Localization of low frequency sounds involves precise computation of interaural time differences (sub-ms range). The first neurons that receive binaural input and participate in this computation are, for mammals, in the medial superior olive (MSO) and they have distinct biophysical properties. They spike in response to transient but not to slowly varying stimuli and phase-lock well to periodic input. A low-threshold potassium current I_K-lt contributes to the MSO neuron's temporal processing qualities partly because the membrane's "time constant" is shortened by this extra conductance but the dynamic aspects of I_K-lt activation also play a role. Transient signals must outrace the activation of I_K-lt if they are to cause the cell to spike.
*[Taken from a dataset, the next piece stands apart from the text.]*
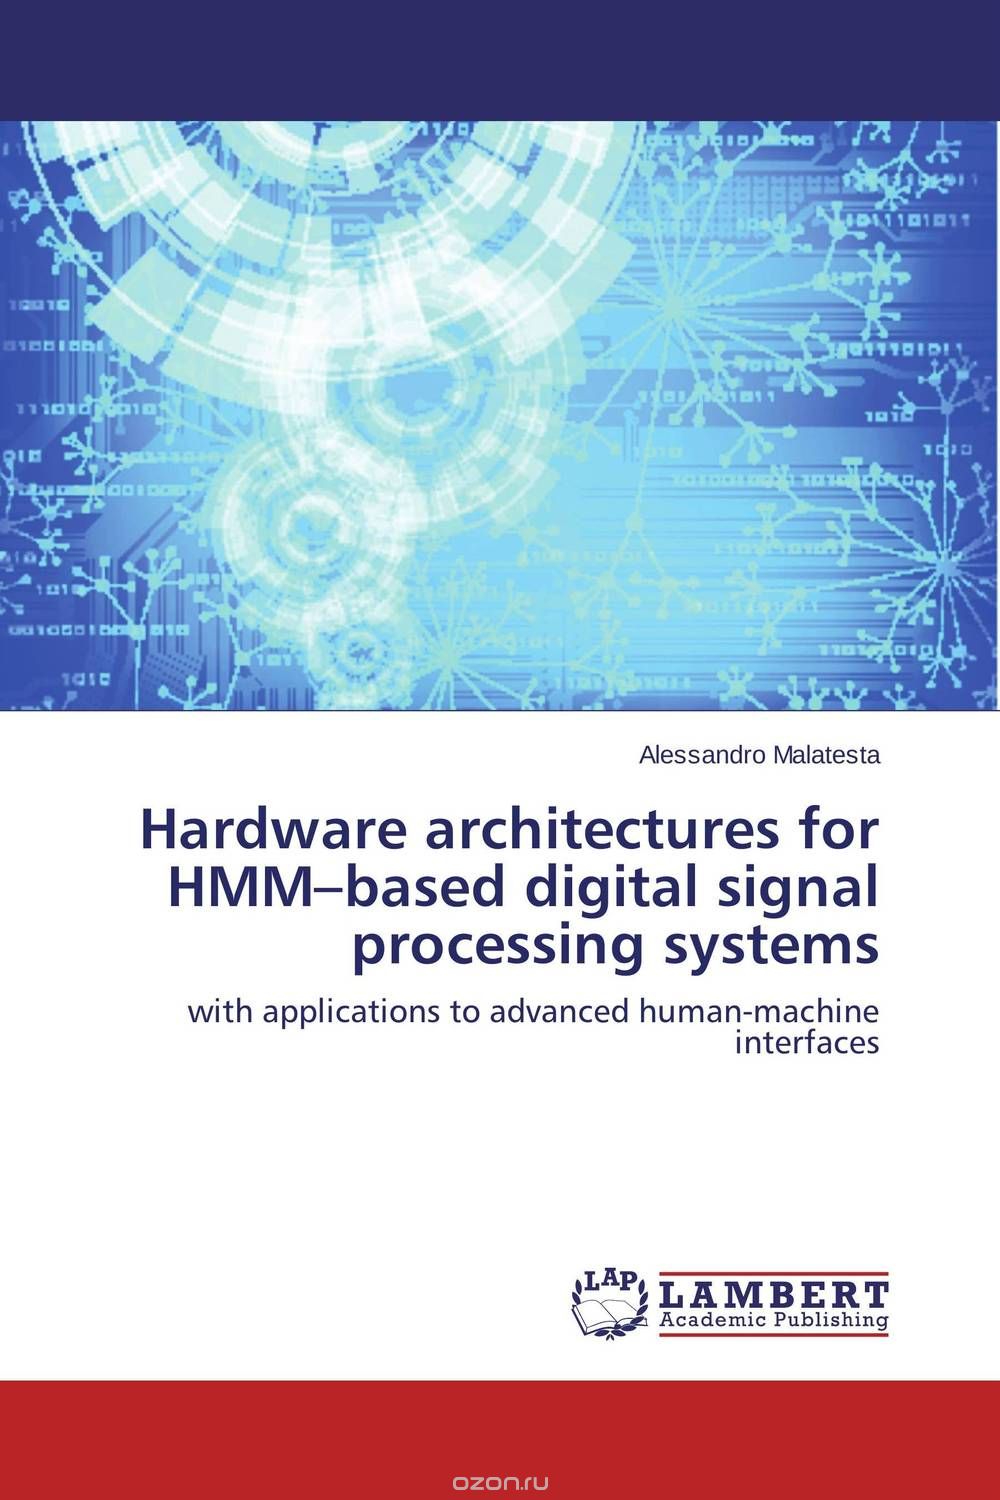 Скачать книгу "Hardware architectures for HMM–based digital signal processing systems"

We characterize the role of I_K-lt through in vitro experiments (gerbil MSO) and with computational models, of the Hodgkin-Huxley and enhanced integrate-and-fire types. We focus particularly on what makes these coincidence-detecting cells fire, i.e. on how they integrate subthreshold signals in the presence of a noisy synaptic background, typical of the peripheral auditory system. Our results show that partial block of I_K-lt reduces: (1) the signal-to-noise ratio, (2) the probability to fire in response to closely-timed inputs, (3) the quality (vector strength) of phase-locking, and (4) the temporal sharpness of transient currents that cause spiking (as seen with reverse correlation analysis).